Problem description: Leaving out pictures, output exactly the lines below from the one that has "Droit de la famille, divorce" through the one that has "Мешок новогодний Sima-land", and nothing else.

Information provided:
━━━━━━━━━━
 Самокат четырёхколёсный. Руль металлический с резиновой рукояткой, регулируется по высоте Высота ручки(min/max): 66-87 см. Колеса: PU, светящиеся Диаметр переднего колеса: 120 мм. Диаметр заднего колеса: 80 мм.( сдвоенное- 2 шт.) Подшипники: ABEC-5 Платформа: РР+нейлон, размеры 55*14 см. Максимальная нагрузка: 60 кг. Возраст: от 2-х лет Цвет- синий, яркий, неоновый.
━━━━━━━━━━
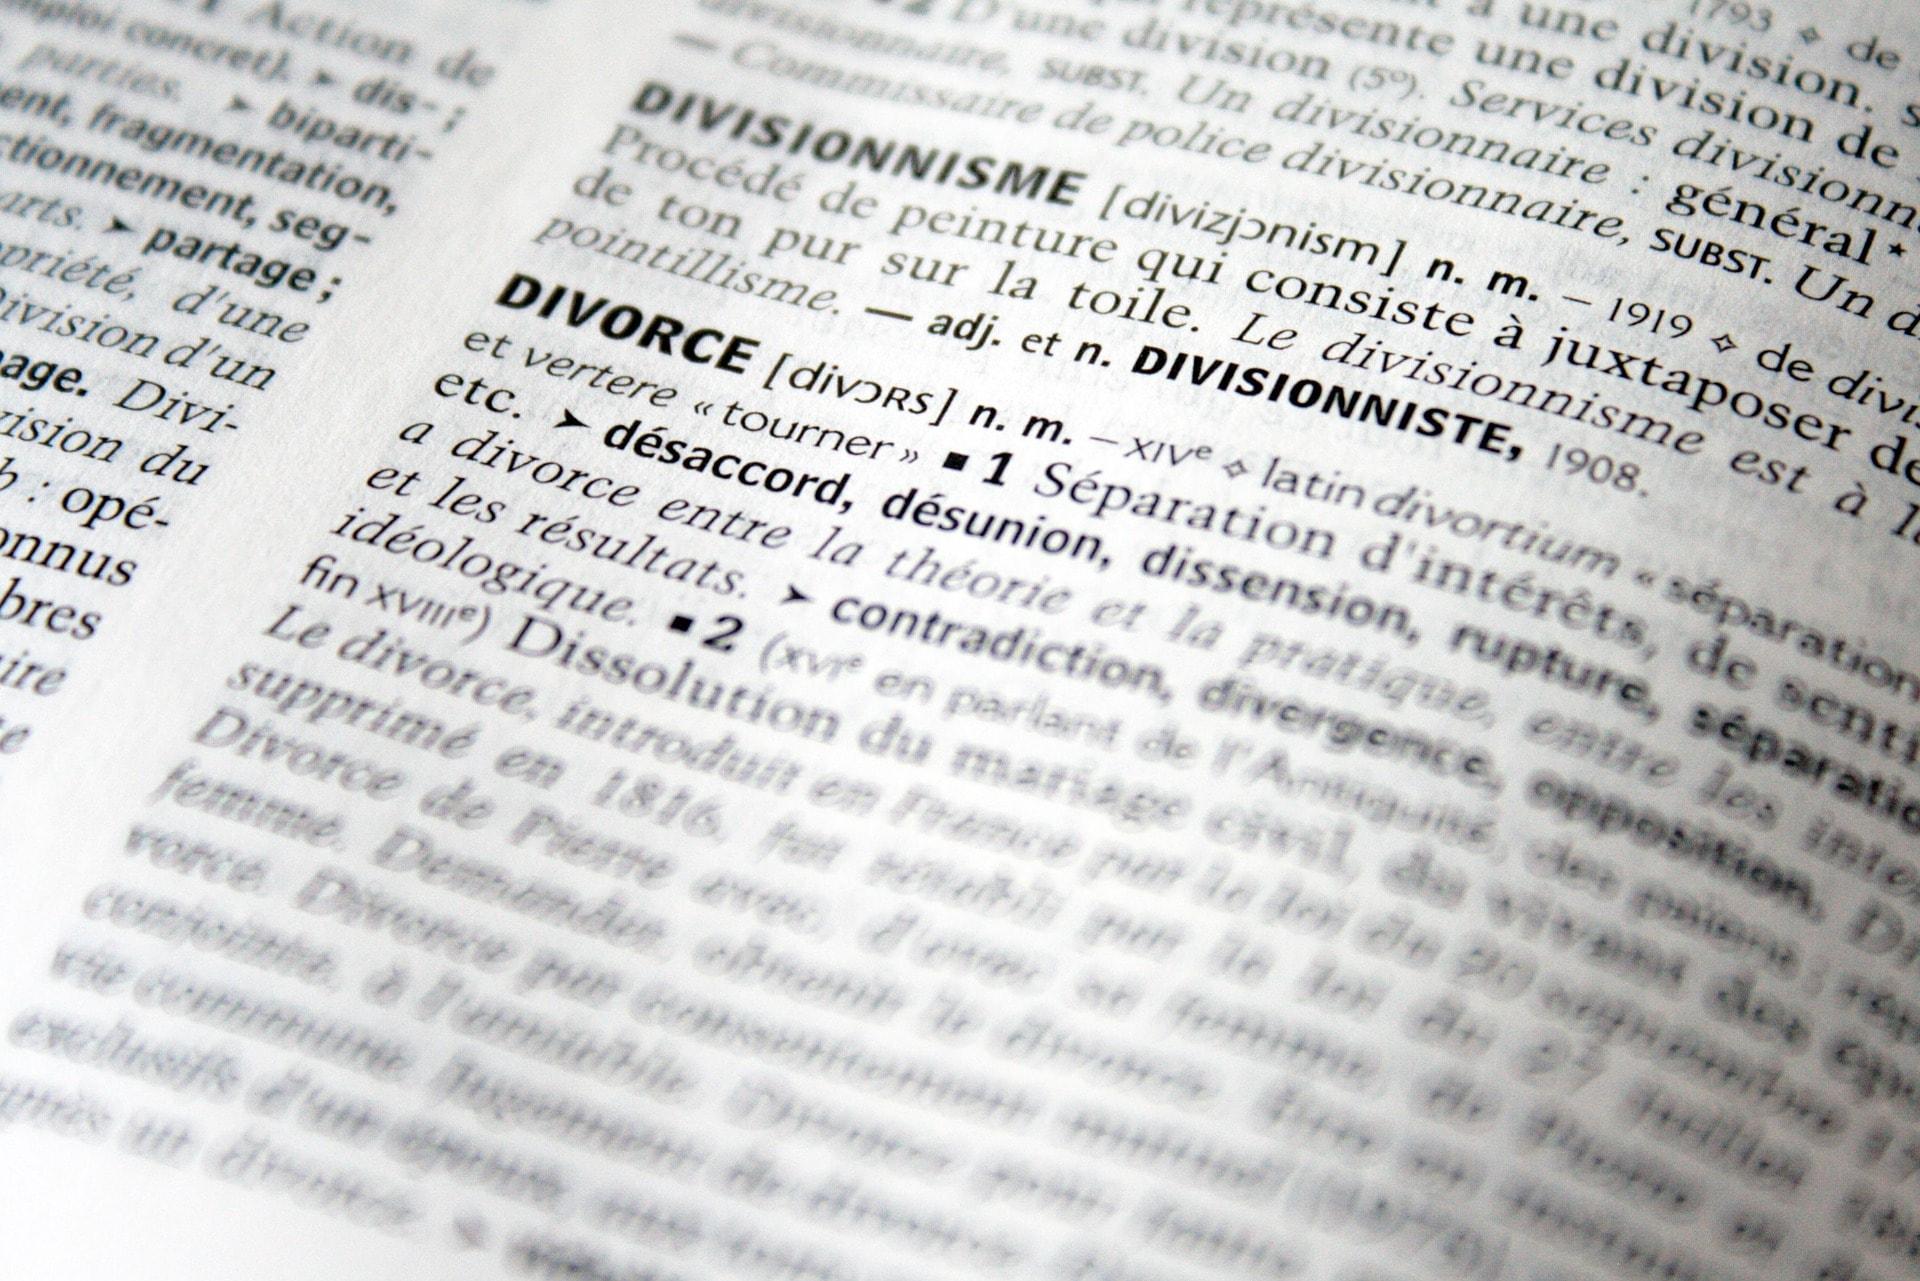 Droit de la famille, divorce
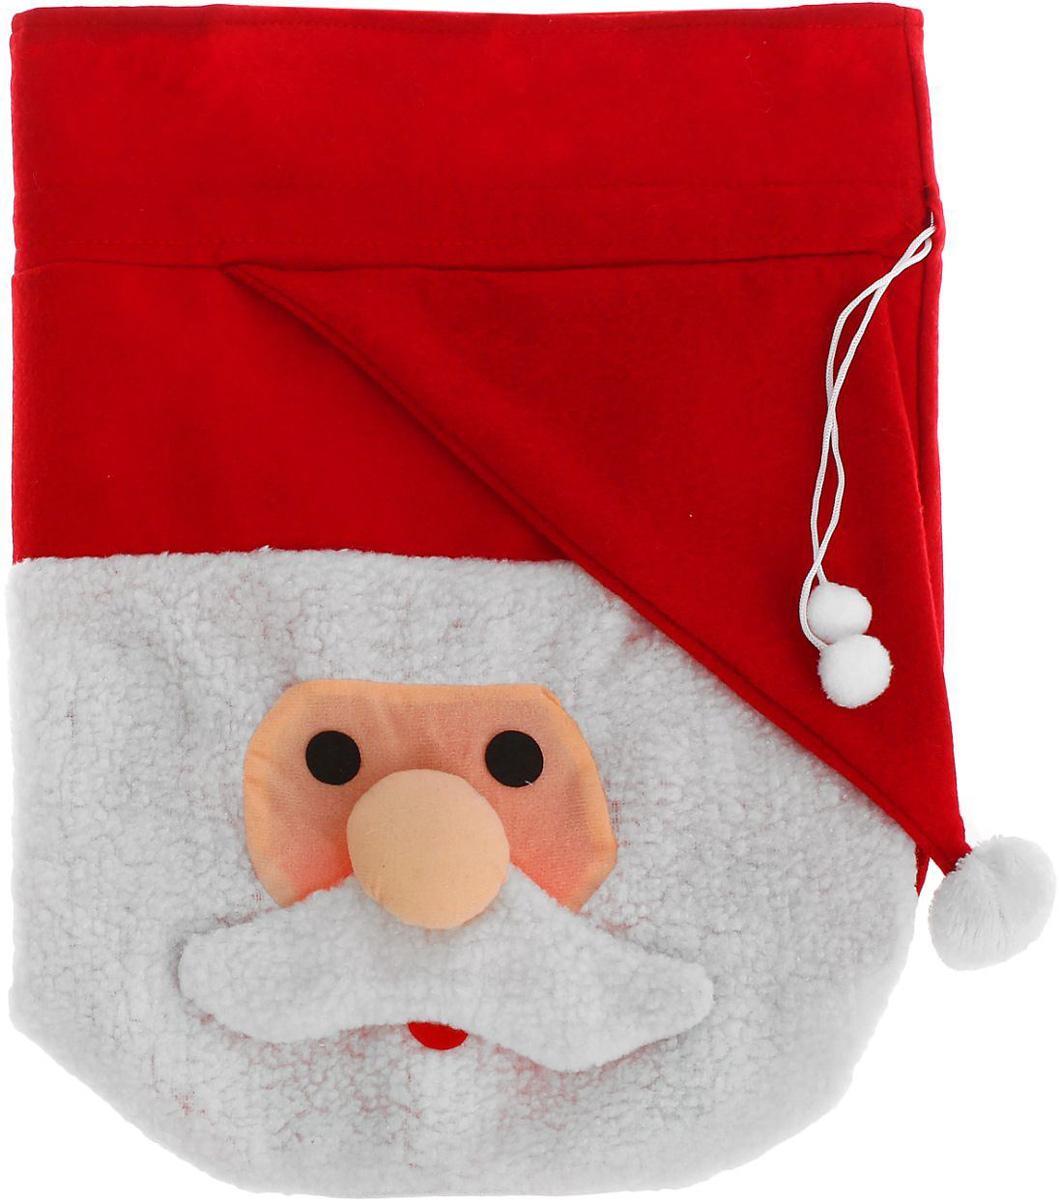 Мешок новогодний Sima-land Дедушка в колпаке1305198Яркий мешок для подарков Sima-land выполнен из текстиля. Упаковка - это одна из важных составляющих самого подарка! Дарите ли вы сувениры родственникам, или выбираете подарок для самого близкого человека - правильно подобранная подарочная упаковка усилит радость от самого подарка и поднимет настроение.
━━━━━━━━━━
Output for this exercise:
 Droit de la famille, divorce
 Мешок новогодний Sima-land Дедушка в колпаке1305198Яркий мешок для подарков Sima-land выполнен из текстиля. Упаковка - это одна из важных составляющих самого подарка! Дарите ли вы сувениры родственникам, или выбираете подарок для самого близкого человека - правильно подобранная подарочная упаковка усилит радость от самого подарка и поднимет настроение.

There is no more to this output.